Tre giorni di proposte e attività rivolte a chi ama sperimentare e immaginare nuovi modi di fare le cose, a ogni età. Tre giorni di seminari e workshop dedicati ai temi dell’innovazione sociale, con laboratori per bambini e ragazzi che vogliono immergersi nel mondo delle tecnologie digitali, oltre a circo, sport e divertimento all’aria aperta, con street food, mercatino e musica. Il tutto a ingresso libero e gratuito.

Da venerdì 6 a domenica 8 ottobre va in scena “Altre forme di vita”, iniziativa ideata da LAMA per il suo decimo anniversario di attività, e realizzata in collaborazione con Impact Hub Firenze, BUH! Circolo Culturale Urbano e La Scena Muta, con il patrocinio e il contributo di Regione Toscana, il sostegno del gruppo CFT, promossa dal Comune di Firenze e inserita nel cartellone dell’Estate Fiorentina. A ospitarla saranno gli spazi del coworking Impact Hub Firenze, in via Panciatichi 16, vicino alla stazione ferroviaria di Rifredi. Perché se sono state proprio le periferie le protagoniste di questa edizione dell’Estate Fiorentina, “Altre forme di vita” vuol essere anche questo: un invito a tutti i cittadini e agli abitanti del quartiere a venire a conoscere uno spazio normalmente chiuso al pubblico, dove ogni giorno lavorano centinaia di persone interessate ai temi dell’innovazione e dell’impatto sociale e che punta ad essere, grazie alla sua community, un luogo propulsivo per il territorio e un esempio concreto di rigenerazione urbana.
“Altre forme di vita” offre un programma ricco e variegato, in cui occasioni di confronto e riflessione si affiancano e si alternano a momenti di svago. Così, venerdì 6 ottobre alle 15 ci sarà il workshop “Altre forme di cooperazione” organizzato in collaborazione con Legacoop Toscana e con il progetto europeo OpenMaker – Horizon 2020, in cui si parlerà di modelli cooperativi e di come questi possano essere nuovamente protagonisti per lo sviluppo economico e sociale del nostro Paese. “Come Legacoop Toscana siamo lieti di collaborare all’organizzazione di ‘Altre forme di vita’ e in particolare di promuovere il workshop ‘Altre forme di cooperazione – dice il vicepresidente vicario Leonardo Cianchi – crediamo che spazi di riflessione come quelli proposti da Lama e Impact Hub siano fondamentali per la promozione e la diffusione dei valori cooperativi. La formazione e le occasioni di approfondimento proposte in questi anni da Lama hanno contribuito alla crescita di una consapevolezza della differenza cooperativa. Non solo, l’esperienza di rigenerazione urbana portata avanti nel quartiere di Rifredi e quella del coworking rappresentano un modello di sviluppo innovativo capace di proporre alternative e opportunità ai giovani”.
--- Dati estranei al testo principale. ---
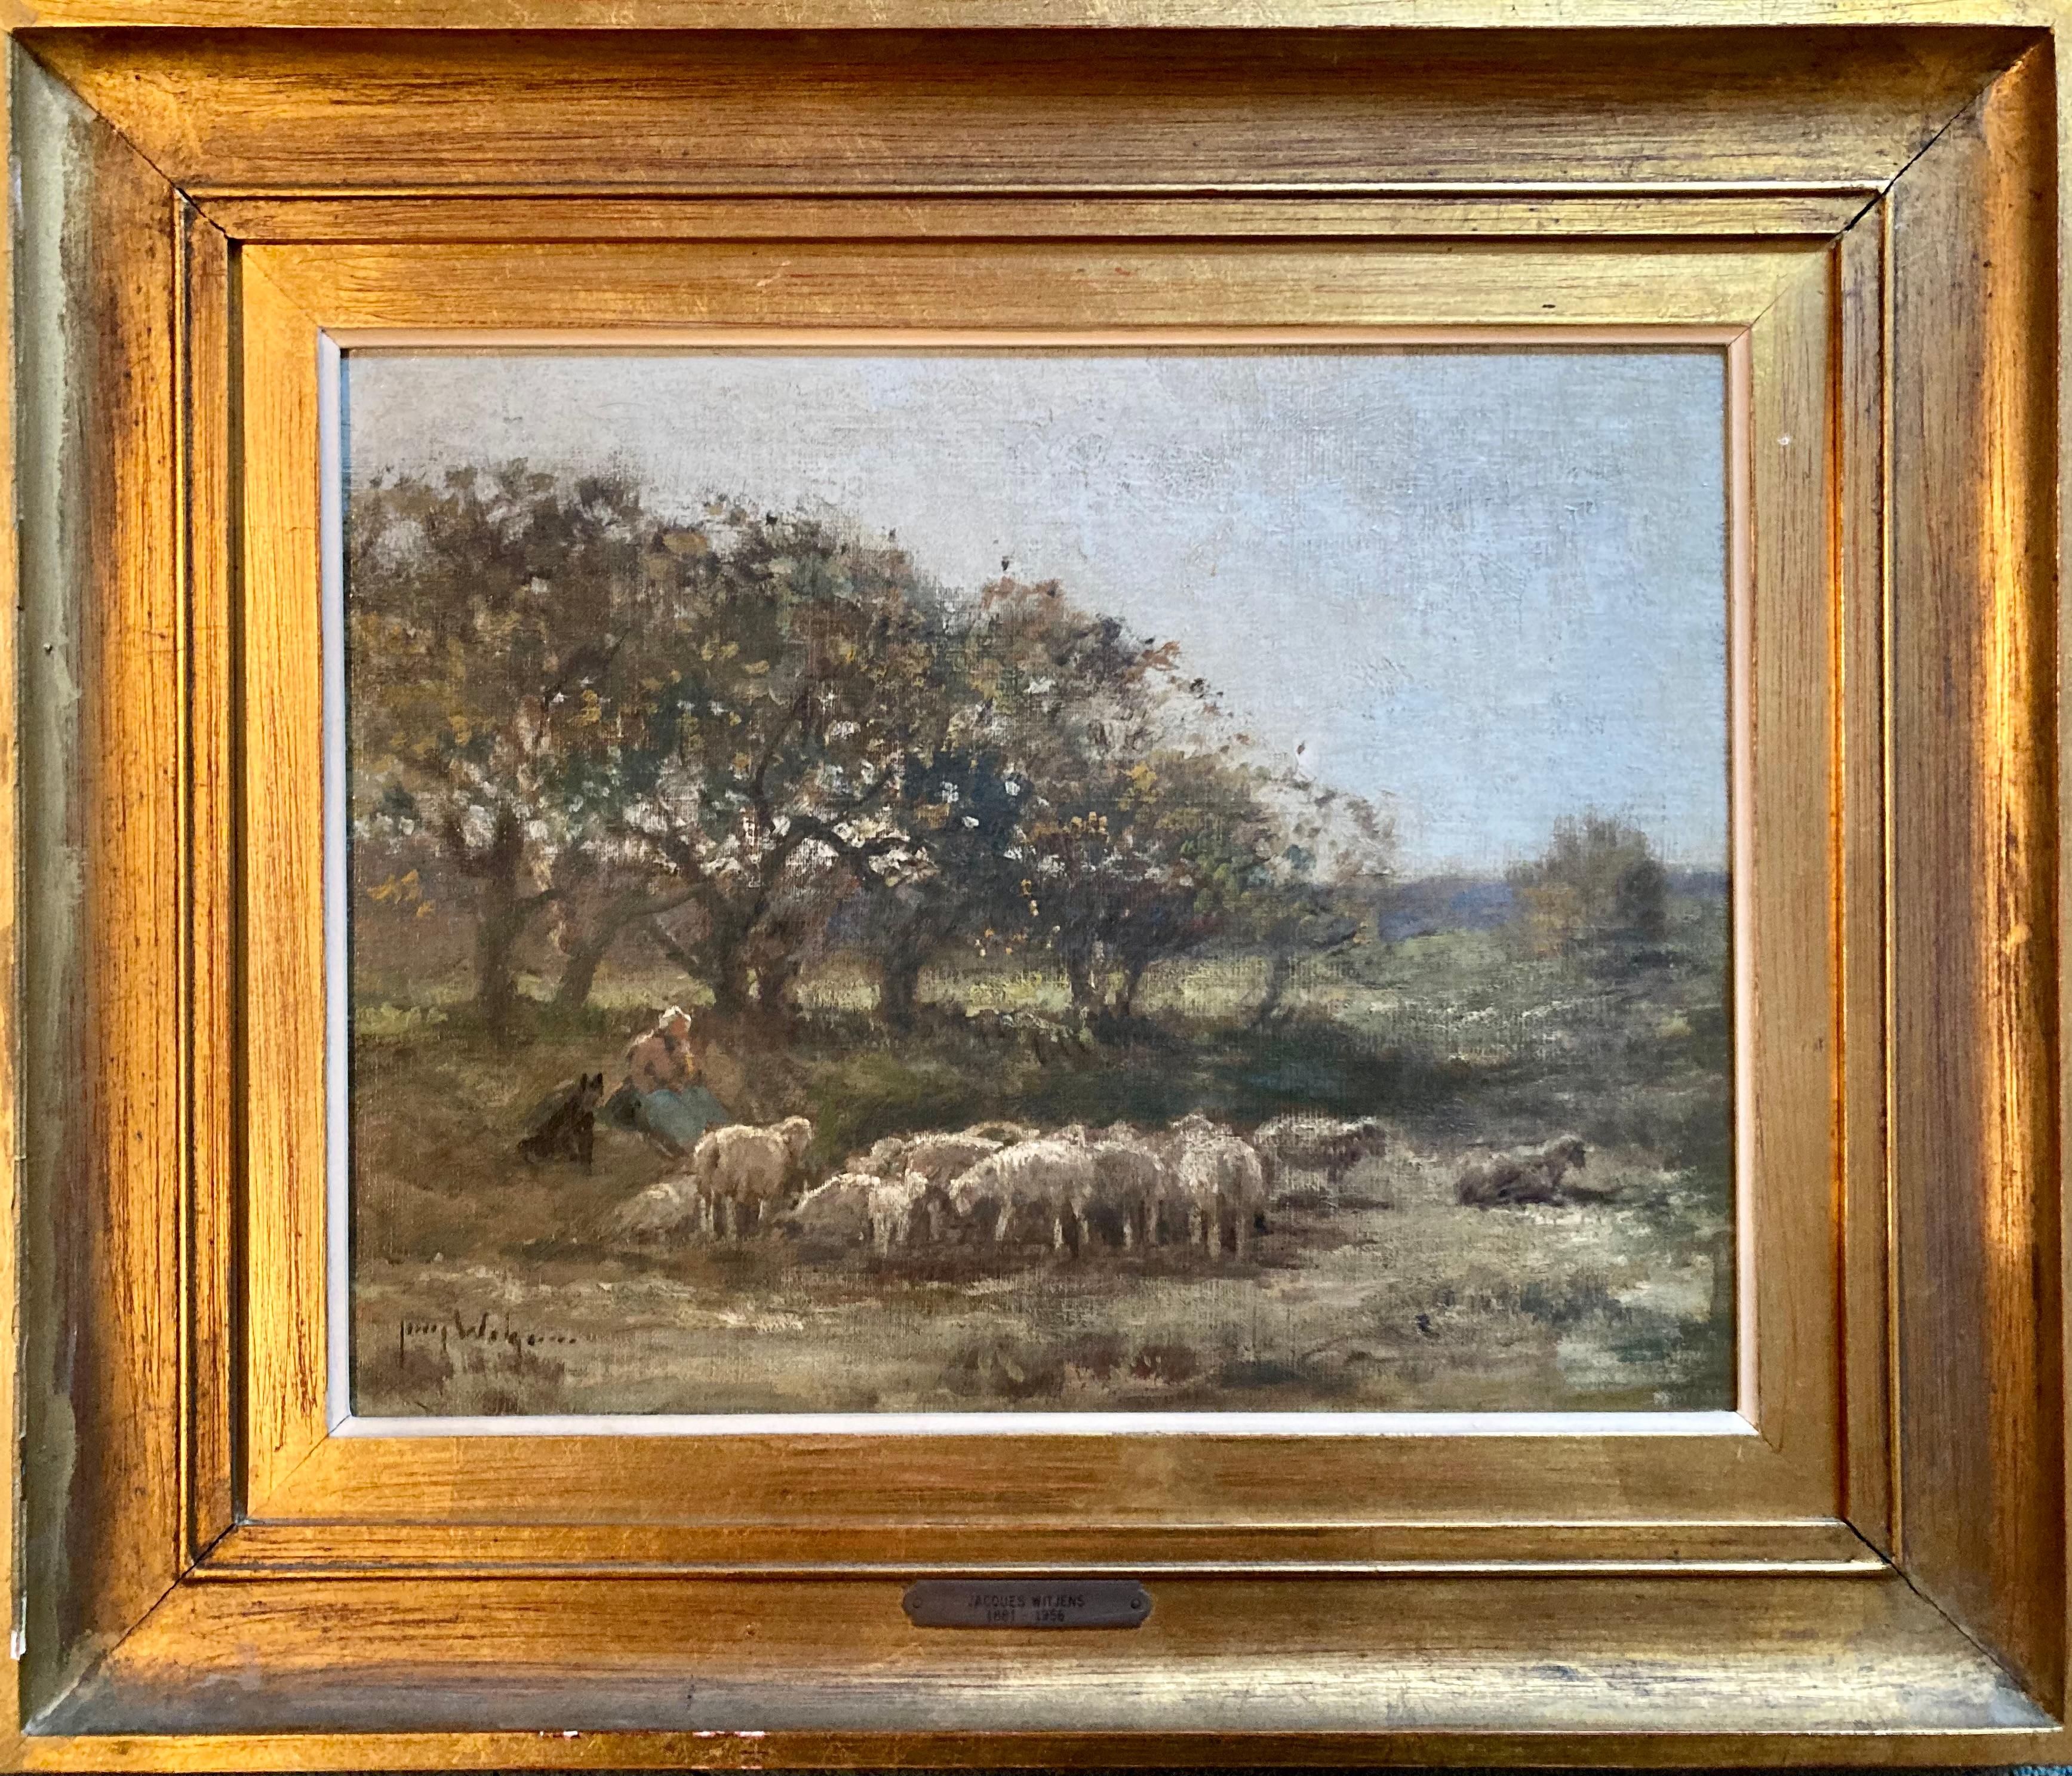 "Sheeps in Field" - Painting by Jacque Witjens

Sabato alle 9.30, in un seminario organizzato in collaborazione con la Cgil, si parlerà di “Finanza per lo sviluppo”, approfondendo il ruolo centrale (anche a livello culturale) del fare impresa innovativa e degli strumenti di investimento pubblici e privati che lo rendono possibile.
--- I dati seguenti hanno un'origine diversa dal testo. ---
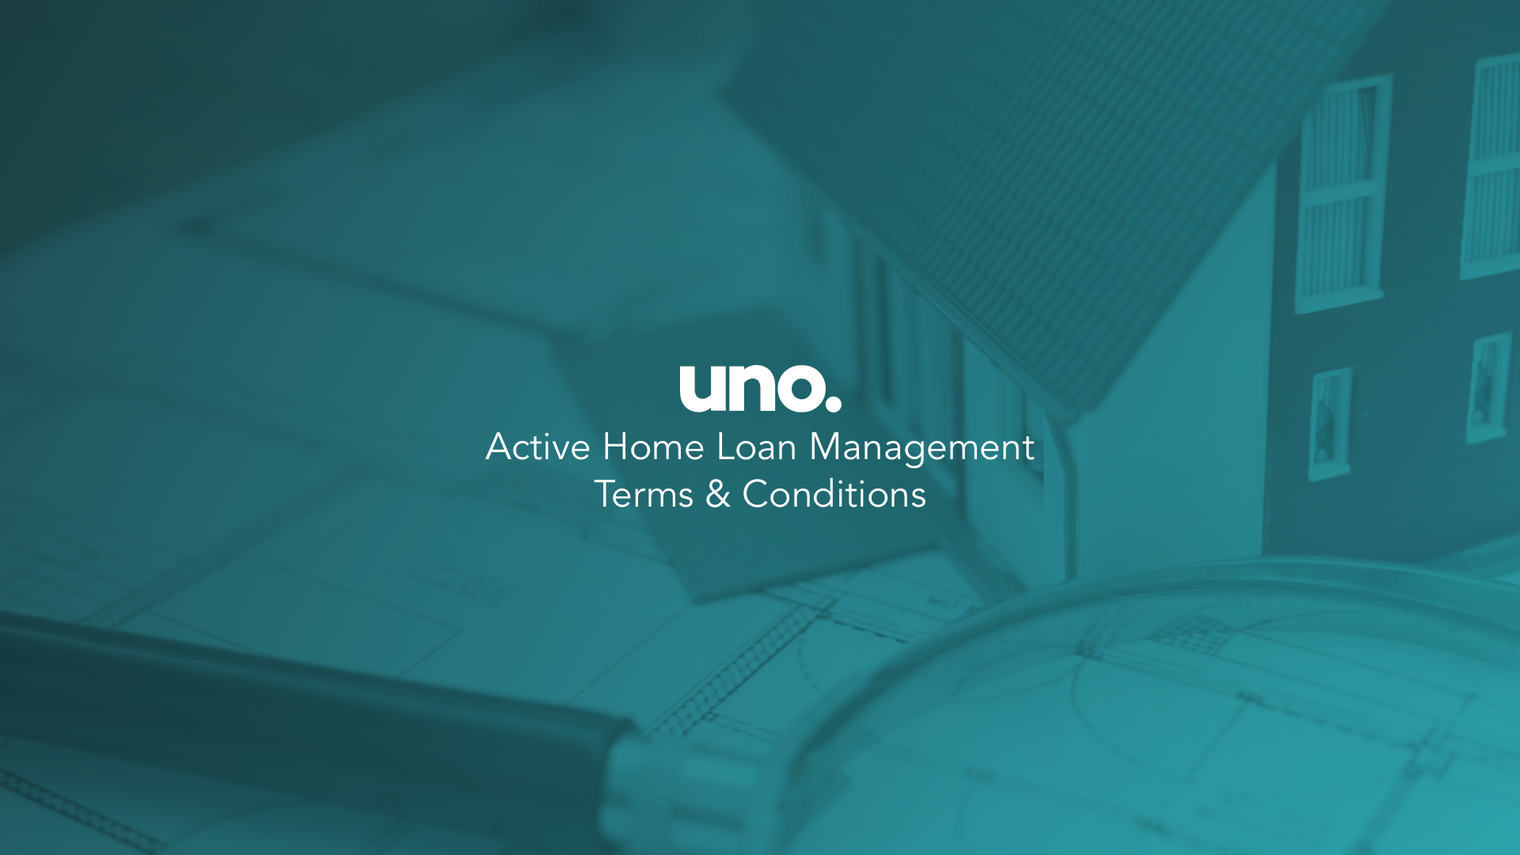 Active Home Loan Management Terms & Conditions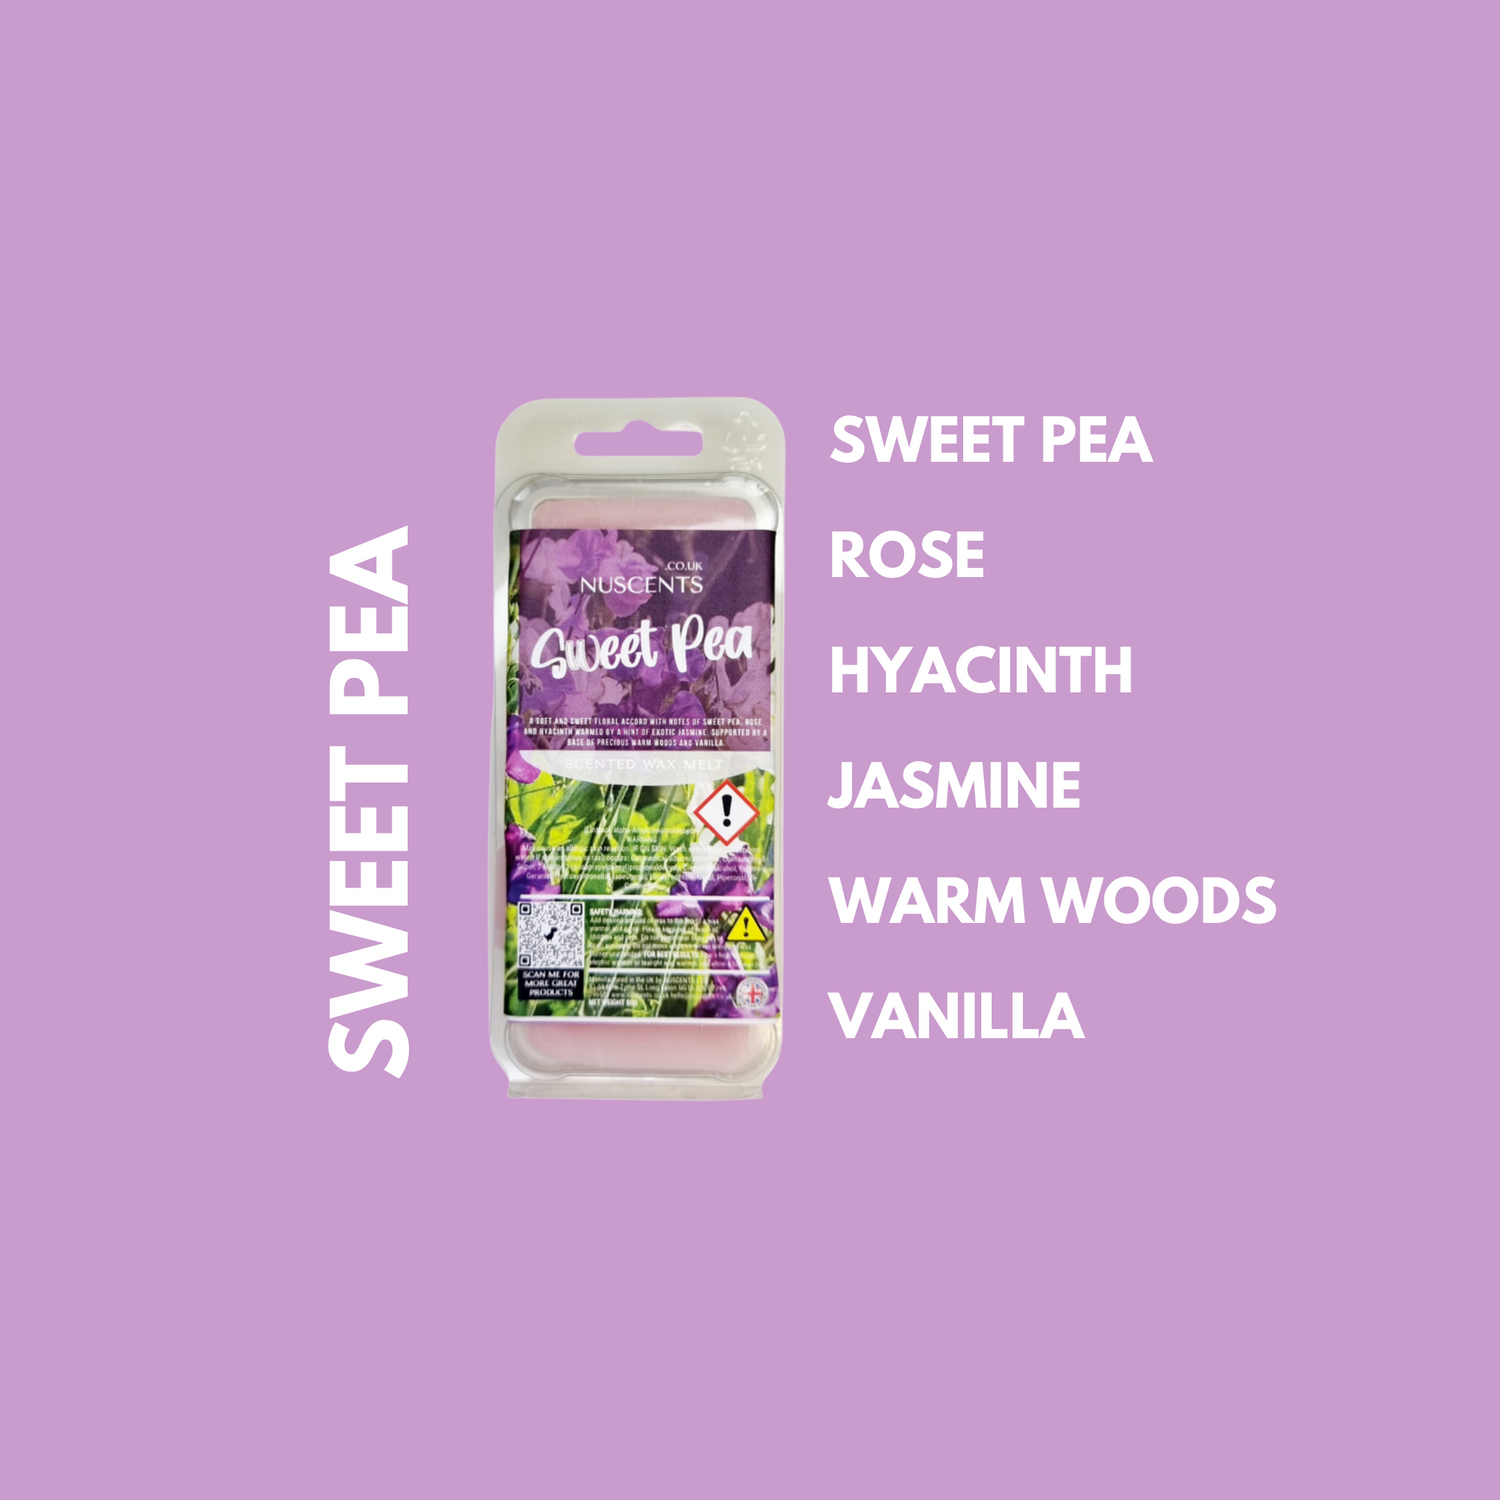 Sweet Pea Wax Melt Scent Notes

Nel pomeriggio di sabato (ore 15) si aprirà poi una finestra sul futuro con un incontro dedicato alla salute 4.0, ovvero a quelle tecnologie e dispositivi che sempre di più, in futuro, permetteranno al cittadino e al singolo di conoscere e monitorare il proprio stato di salute, con ripercussioni importanti sulla gestione del sistema sanitario. Il seminario si intitola “Altre forme di welfare” ed è organizzato in collaborazione con GreenApes, il social network dedicato alle azioni sostenibili.

Venerdì, sabato e domenica ci sarà anche il mercato “Creative Factory”, promosso dall’associazione Heyart e dedicato alle autoproduzioni di 21 giovani artigiani che esporranno accessori uomo/donna, home decor, design for kids, bijoux in un’area animata anche dalle attività di circo di strada, giochi e sport per ragazzi.
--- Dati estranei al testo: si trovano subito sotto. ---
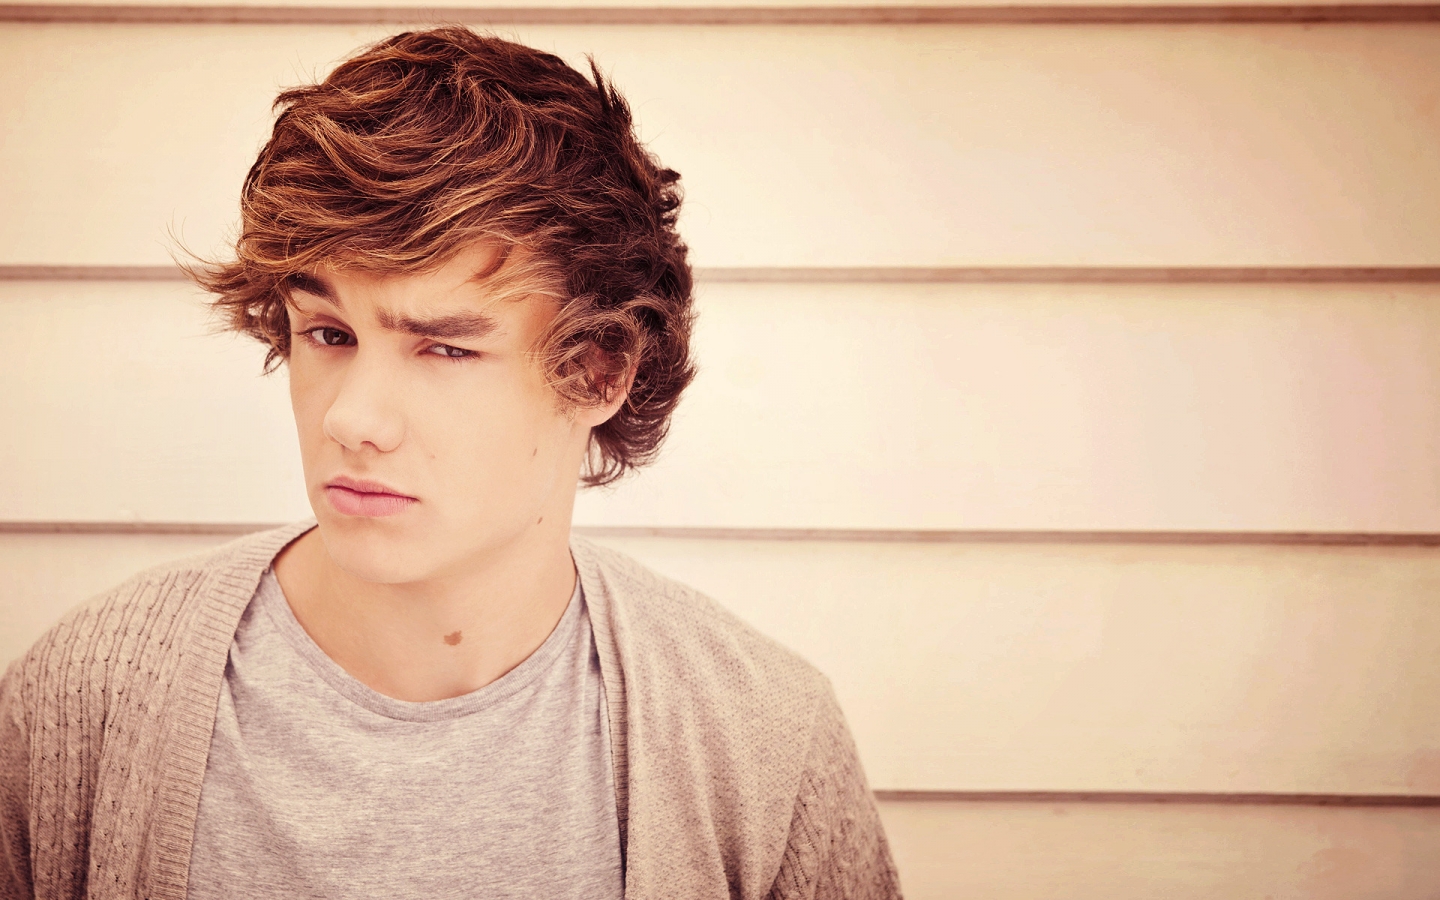 Liam Payne Look for 1440 x 900 widescreen resolution

Nel corso della tre giorni, poi, tanti appuntamenti in programma anche per giovani e giovanissimi: tra questi, un incontro tra designer ed educatori per andare “oltre la disoccupazione” e ridisegnare le modalità di riconoscimento delle cosiddette “soft skills”, ma anche una “palestra” di programmazione informatica per bambini organizzata dall’associazione Coder Dojo (la domenica pomeriggio) e l’open day FabLab, l’officina digitale che sabato e domenica aprirà le sue porte per far conoscere a tutti stampanti 3d, laser cut e macchine a controllo numerico.
E non mancherà nemmeno lo spazio per l’intrattenimento, con le serate di venerdì e sabato che saranno a tutto divertimento, con i musicisti de La Scena Muta.
Ogni giorno la faranno da protagonista anche le bancarelle di street food che trasformeranno lo spazio di Impact Hub in una vera e propria piazza, aperta a tutti. Tutte le informazioni e il programma completo sul sito www.altreformedivita.it.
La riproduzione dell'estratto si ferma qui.